GRINBAUM, Alexei, Les robots et le mal, Paris, Desclée de Brouwer, coll. Essais-Documents, 2019.

Alors que les programmeurs s’acharnent à créer une machine angélique qui ne répandrait que le bien au sein de la « cité numérique », Alexei Grinbaum se demande comment extirper les individus numériques des griffes du bien et du mal, afin qu’ils ne deviennent pas les nouveaux « agents moraux ». En effet, la morale est propre à l’humain, le fruit de son intelligence et de son discernement ce dont n’est pas (encore) capable l’intelligence artificielle.

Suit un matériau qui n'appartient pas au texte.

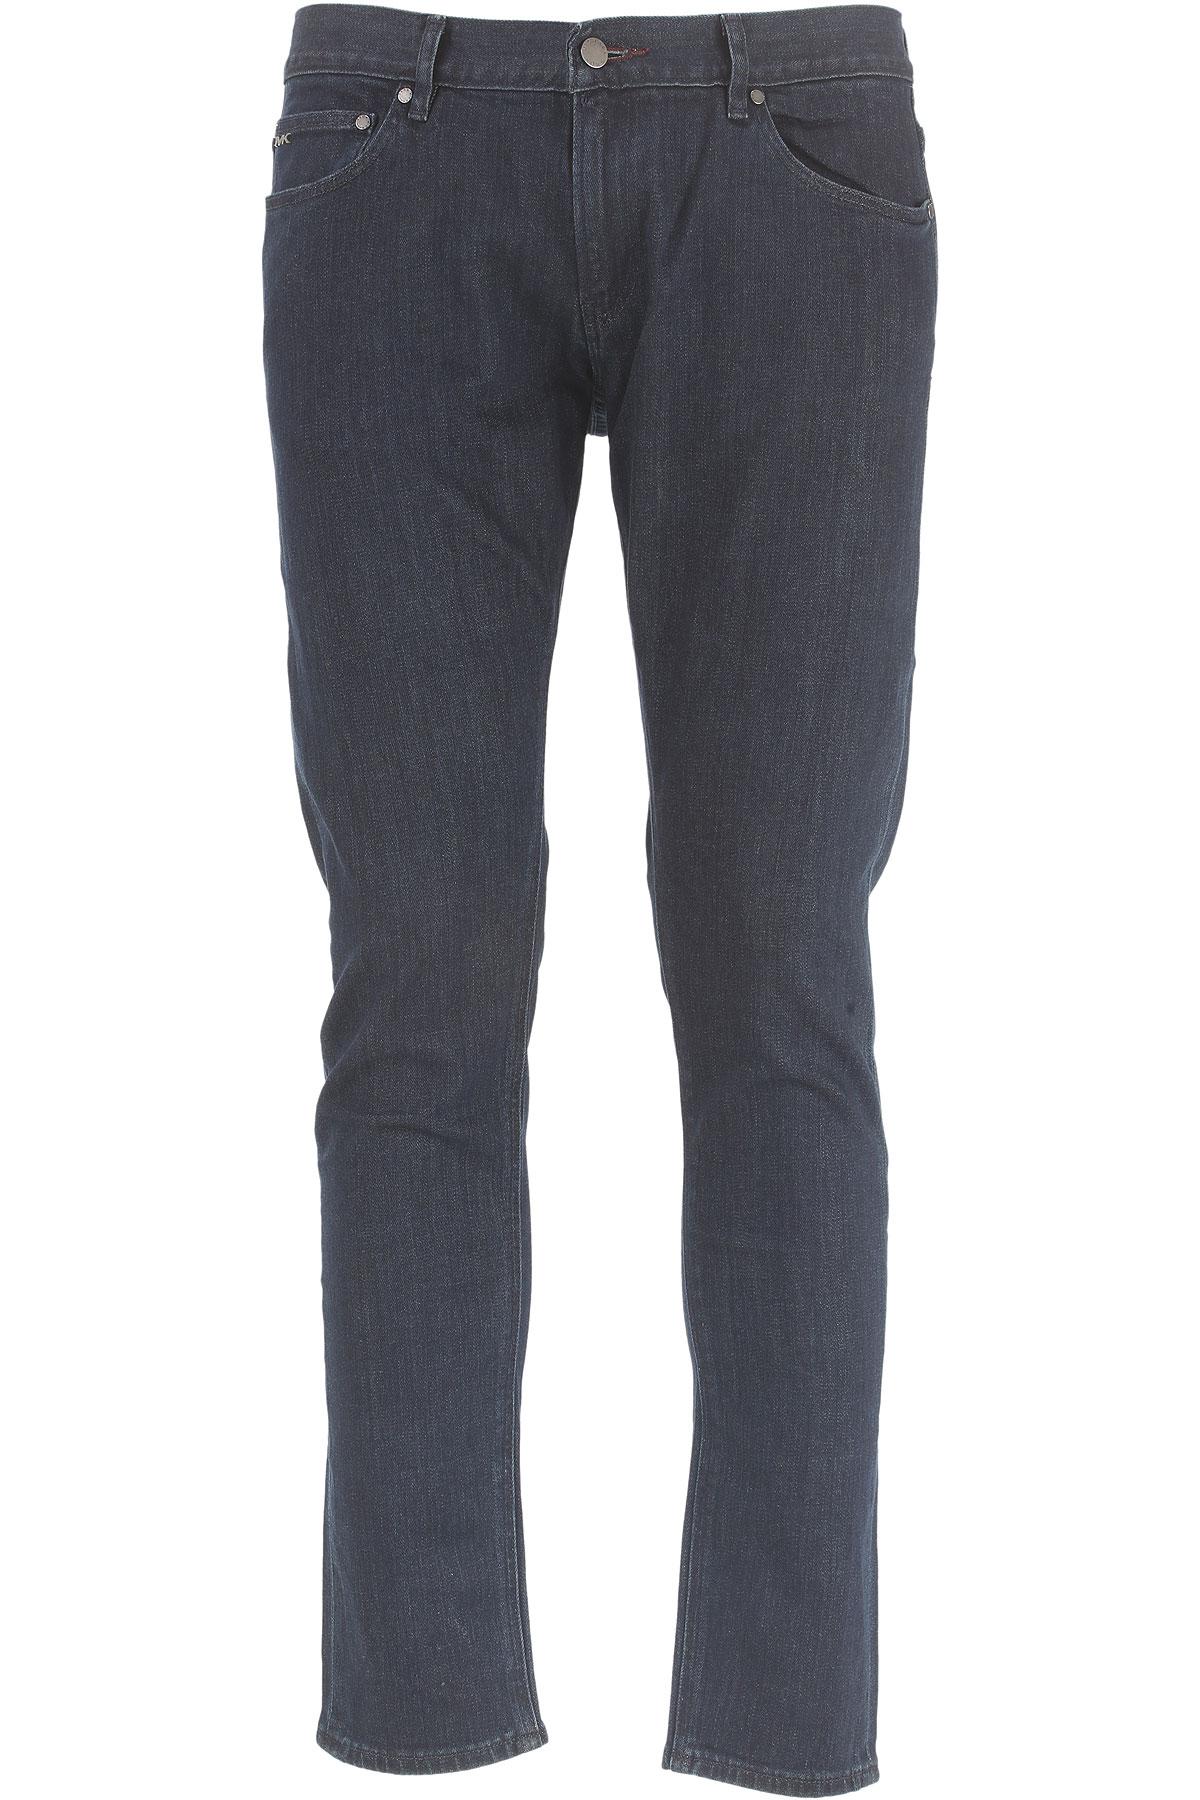 Michael Kors Vaqueros de Hombre, Pantalones Vaqueros Baratos en Rebajas Outlet, Azul Oscuro, Algodon, 2019, 47 48 50

Selon ce physicien et philosophe, l’éthique de l’intelligence artificielle réside dans le hasard, un concept auquel l’humain accorde une confiance aveugle. En effet le hasard est un concept auquel nous nous référons lorsque la prise d’une décision nous met dans une situation d’injustice. Nous lui accordons donc notre confiance afin d’effectuer un choix en toute objectivité.

Une fois quelques cas concrets relatés — l’accident mortel provoqué par une voiture autonome en 2017 dans l’Arizona, l’intervention salvatrice de l’assistant domestique Google Home dans une dispute conjugale en 2017 au États-Unis1 …— Alexei Grinbaum utilise l’homologie pour établir des corrélations entre : éthique, mythe et religion — la fonction de Satan et celle des individus numériques, l’intemporalité du mythe et de l’éthique, la fonction du secret dans la technique et la religion2 …— L’auteur interroge notre sacralisation de la technique pour définir la nature même de l’individu numérique et sa relation aux humains de la « cité numérique ». Après avoir défendu l’importance paradoxale du fonctionnement opaque des machines dans la mesure où il est nécessaire que l’utilisateur ne sache pas tout du fonctionnement des machines pour leur accorder sa confiance3, le philosophe fait l’apologie du hasard dans les situations où l’IA est confrontée à un problème éthique et interroge la responsabilité juridique de l’individu numérique dans ses choix. C’est ainsi qu’il montre qu’une part d’obscurité subsiste dans la considération de l’individu numérique par les lois4. En réponse, il termine son argumentation par la méthode « métanumérique » qui détermine les valeurs intrinsèques à la machine, libérée de tout anthropomorphisme. Nous comprenons alors que pour s’extirper de toutes ces impasses entre éthique et individu numérique, il faut établir des concepts du bien et du mal propre à l’IA5.

Pour arriver à ses fins, Alexei Grinbaum s’appuie sur les concepts : d’homologie ; d’éthique ; de hasard ; de secret ; de bien et de mal ; de mimétisme ; de délation qui consiste à dénoncer des actes méprisables ; de métanumérique ; de responsabilité noxale qui consiste à être responsable des actes des personnes, objets ou êtres vivants sur lesquels on a le pouvoir dans la Rome antique.

Alexei Grinbaum semble interroger la responsabilité du designer dans la relation de confiance entre l’individu numérique et l’utilisateur, car le concepteur a indirectement la main sur le degré d’opacité du fonctionnement des machines lorsqu’il conçoit leurs interfaces. Par exemple le design est responsable de l’import du vocabulaire, des usages et de la compréhension du bureau réel dans l’ordinateur. Ces éléments fonctionnent comme des dispositifs au sens de Giorgio Agamben6, ils contraignent notre perception des individus numériques et inhibent notre libre arbitre vis à vis de leur utilisation. Étant donné qu’il n’y a pas d’extériorité possible à la technique comme l’affirme Bernard Stiegler7, il revient notamment au designer la responsabilité d’éclairer l’utilisateur sur le fonctionnement réel de ces dispositifs afin de les transformer en appareils comme le propose Anthony Masure8.

Karim ALLAIN, Master 2 « Design, Arts et Médias » Paris 1 Panthéon-Sorbonne, 2021-2022.


  1. GRINBAUM, Alexei, Les robots et le mal, Paris, Desclée de Brouwer, coll. Essais-Documents, 2019, p.17-30. 

  2. GRINBAUM, Alexei, Les robots et le mal, op. cit., p. 31-64. 

  3. Ibidem, p. 65-102. 

  4. Ibid., p. 103-155. 

  5. Id., p. 157-202. 

  6. AGAMBEN, Giorgio, Qu’est-ce-qu’un dispositif ?, Paris, Rivages, coll. Rivages Poches Petite Bibliothèque, 2014. 

  7. STEIGLER, Bernard, La technique et le temps, Paris, Fayard, coll. Sciences humaines, 2018. 

  8. MASURE, Anthony, Design et humanités numériques, Paris, B42, coll. Esthétique des données, 2017.